In general, it’s a good idea to discuss sleep apnea with your doctor if you meet the following criteria: over 40; overweight or obese; high blood pressure or diabetes; snore or snore while sleeping; your partner has noted that you frequently gasp for breath at night or stop breathing for a period of time; you know someone in your family has had it; you have a large neck or smaller airway in your nose, throat, or mouth.
What symptoms and indicators are present?
Most often, the issue is discovered when a bed partner or family member complains of loud snoring and/or observes breathing pauses followed by gasps for air.
Other warning signs or symptoms include:
- restless sleep
- trouble falling or staying asleep at night
- extreme exhaustion
- difficulty focusing which increases the risk of accidents at work or while operating a motor vehicle
- the desire to urinate upon awakening.
Asthma, allergies, and OSA are all related, so be sure to discuss these issues with your doctor as well.

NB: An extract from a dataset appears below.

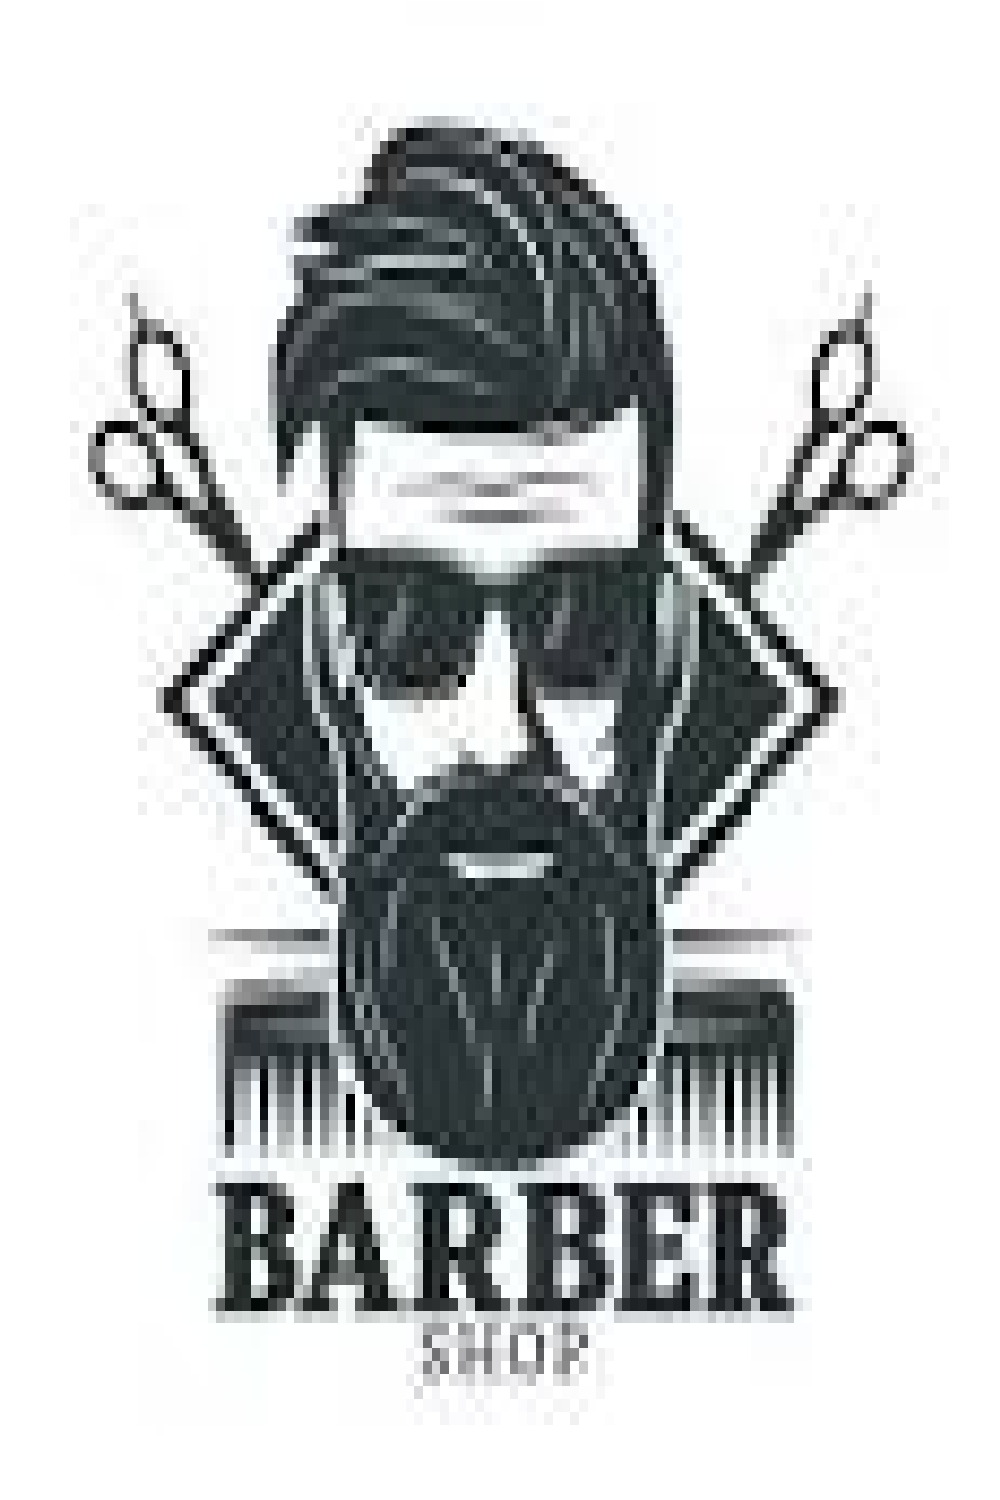 barber shop logo pinterest preview image.

Even though a clear sign of sleep apnea, loud snoring is not always present.
Many doctors agree that elevated blood pressure, particularly in circumstances when it is difficult to cure it, should be a warning sign to consider sleep apnea.
Exactly how is sleep apnea diagnosed?
Your health care practitioner will do a physical exam, which involves checking your throat, mouth, and nose, if you believe you have sleep apnea. Additionally, he or she will inquire about your sleeping patterns and overall well-being. Try to keep track of your sleep patterns, levels of daytime exhaustion, including any instances of being sleepy or drowsy at work, as well as any other symptoms or health issues.
An overnight sleep study is often used to confirm sleep apnea (called polysomnography). This test is often performed by a sleep medicine expert in a hospital or sleep clinic in a space that is decorated to resemble a cozy hotel room and lasts for six or more hours.
Your body will be covered with electrodes and sensors that will record and track your heart rate, blood oxygen level, brain waves, eye activity, breathing patterns, and muscle movements, especially in your arms and legs.
The findings can definitively prove if you stop breathing for at least five times an hour while you sleep, at least once lasting 10 seconds or more. Based on how many times each hour you stop breathing or have restricted airflow to your lungs, sleep apnea may range from mild to severe.